Definition
Non-regulatory airspace surrounding designated Class C airspace airports wherein ATC provides radar service to participating IFR and VFR aircraft on a workload-permitting basis. The normal radius is 20 nautical miles from the primary Class C airspace airport, with vertical limits extending from the lower limits of radio/radar coverage up to the ceiling of the approach control's delegated airspace, excluding the Class C airspace itself and other airspace as appropriate.
Plain English
A ring of airspace around a Class C airport, beyond the charted Class C boundary, where controllers will still give you radar traffic separation and advisories if you ask for it and they have time. It's not required, and it's not drawn on charts.
Context Anchor
Seen in Class C airspace discussions, especially when learning what services approach control may provide beyond the charted Class C boundaries.
Why Pilots Care
Allows pilots to receive helpful ATC services near busy airports without the mandatory communication and equipment requirements that apply inside Class C airspace itself.
Grounding Statement
Picture the charted Class C airspace as the core area around the airport, with the Outer Area as a wider service zone around it where ATC can still help manage nearby traffic.
Intuition Check
Do not assume “Outer Area” means another layer of Class C airspace.
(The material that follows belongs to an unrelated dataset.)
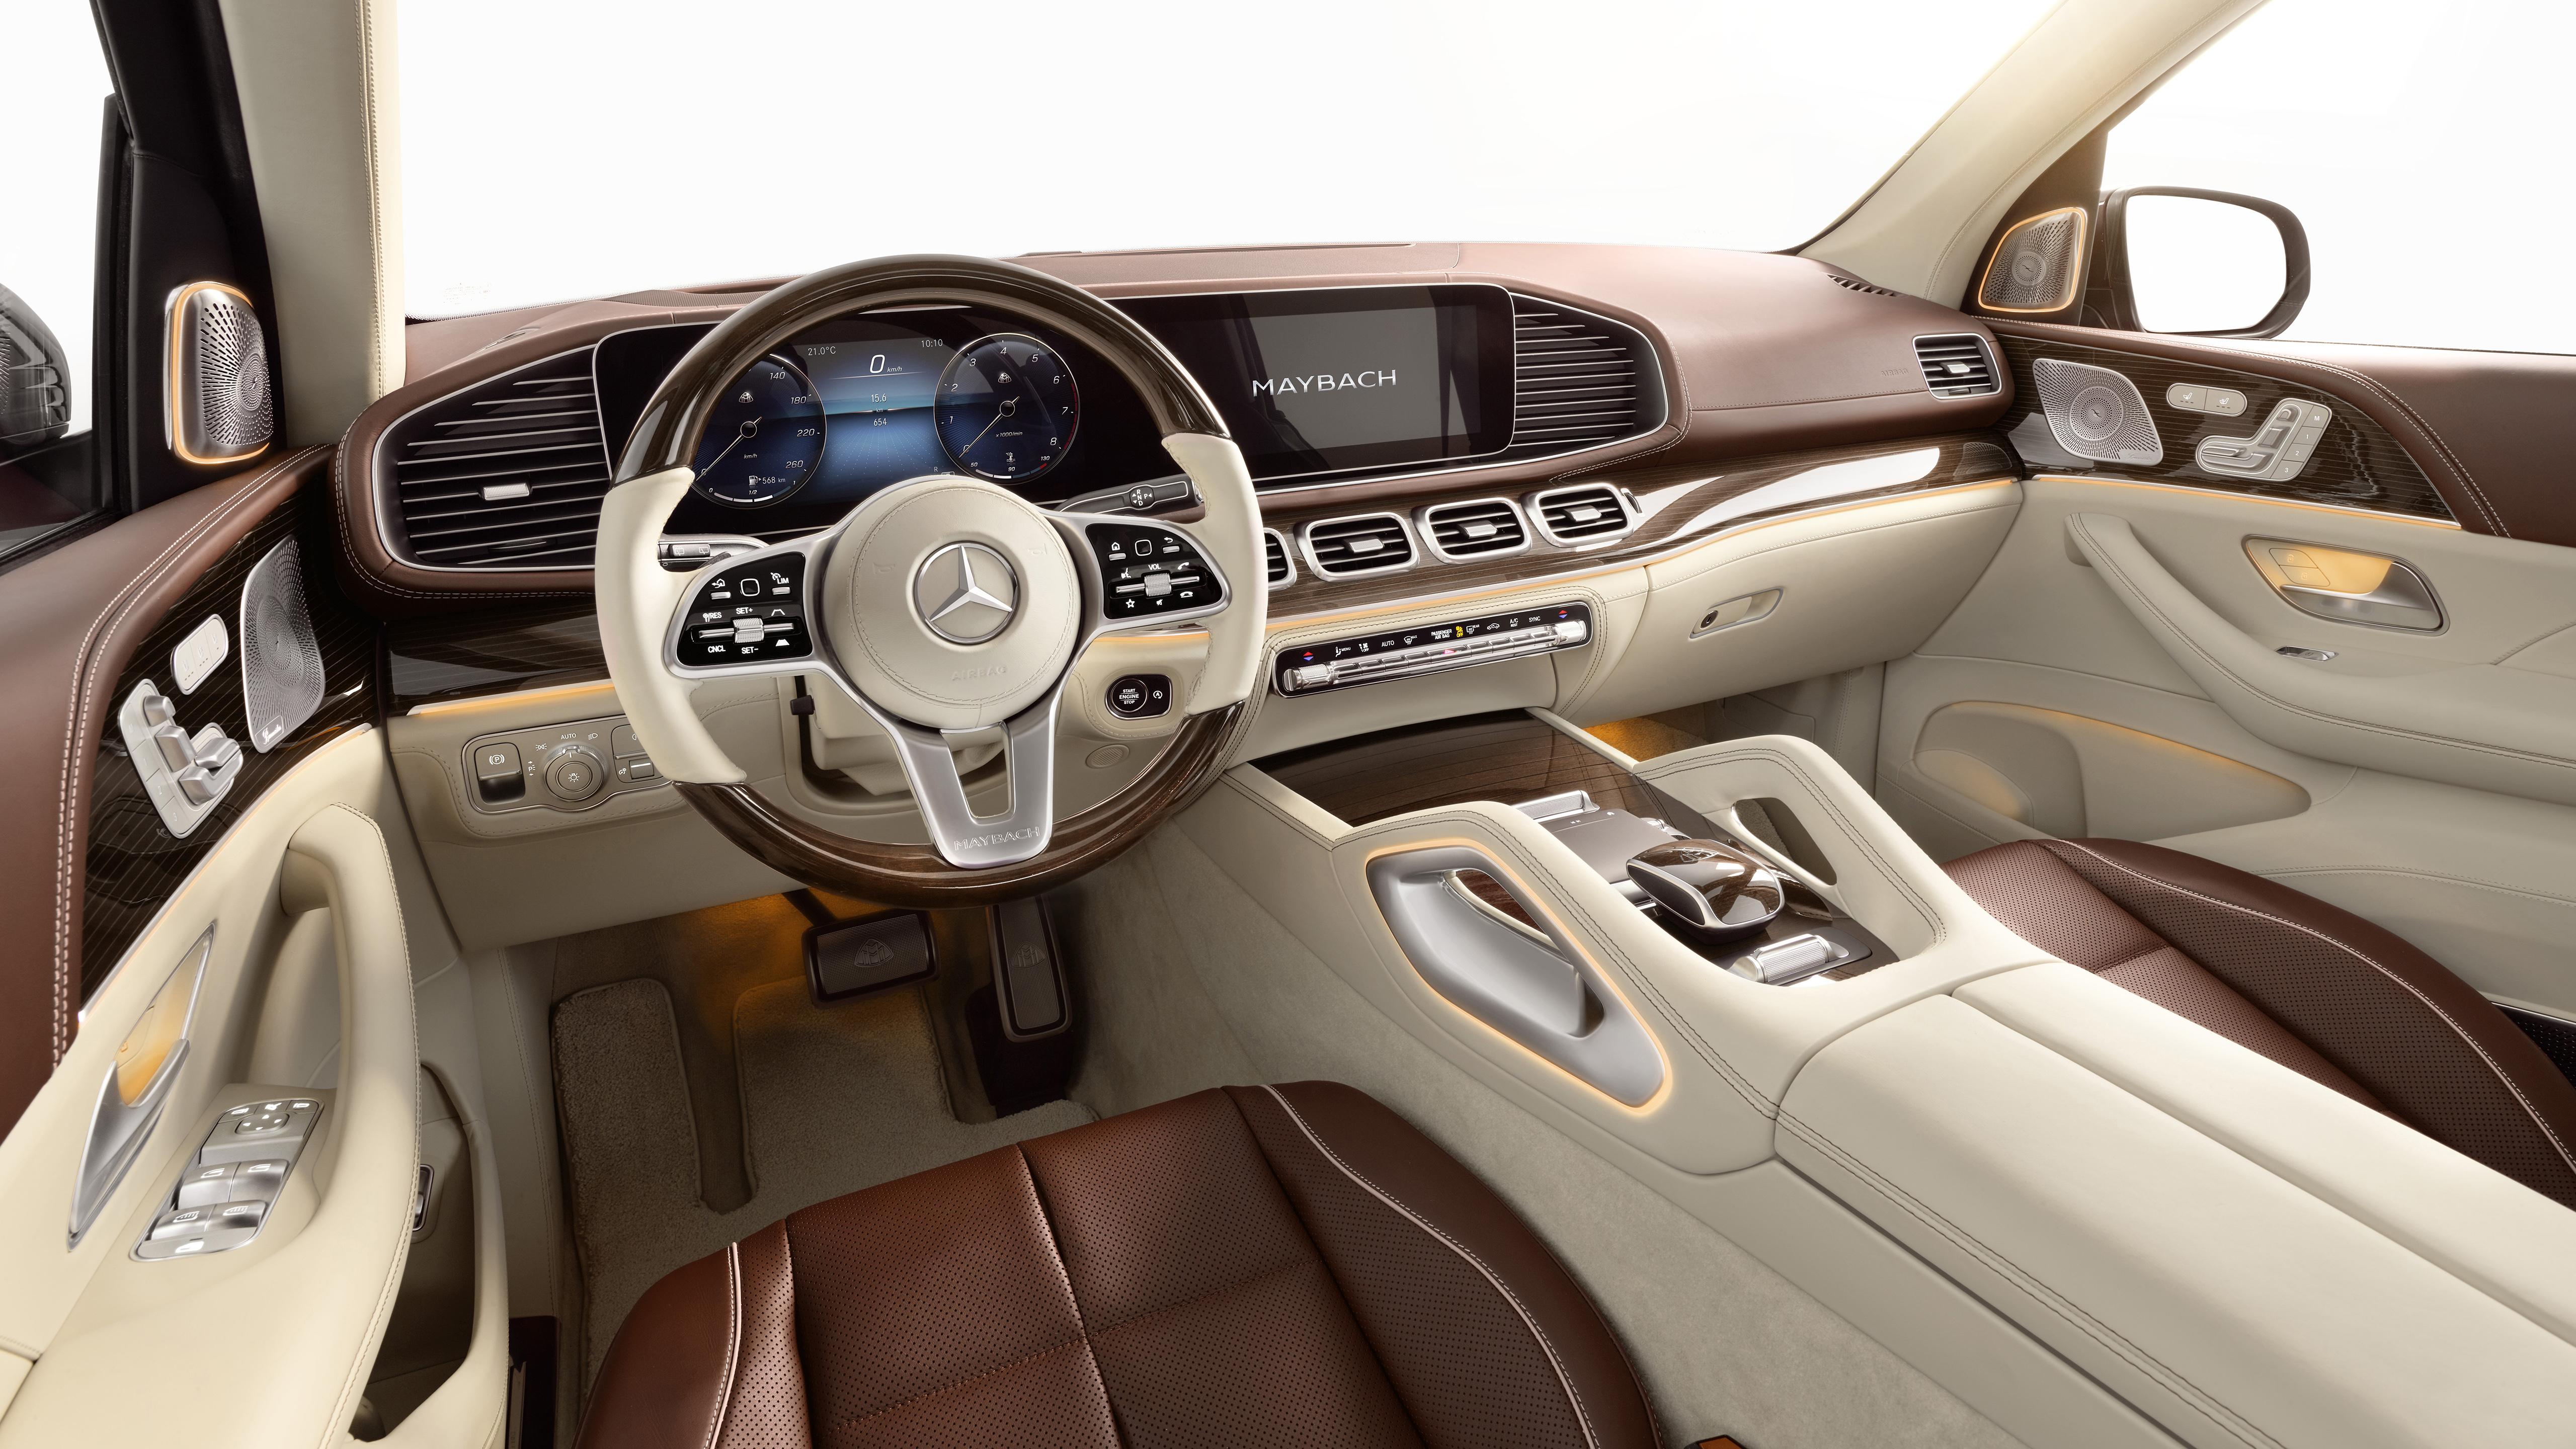 Mercedes-Maybach GLS 600 4MATIC 2020 4K Interior Wallpaper ...

Here it means a surrounding ATC service area outside the charted Class C airspace, not an added required-entry area.
Example Sentence 1
About 18 miles out, approach started calling traffic for us — we were already in the Outer Area even though we hadn't reached the Class C shelf yet.
Example Sentence 2
Although participation is voluntary, many pilots monitor ATC in the outer area to receive safety alerts near the busy airport.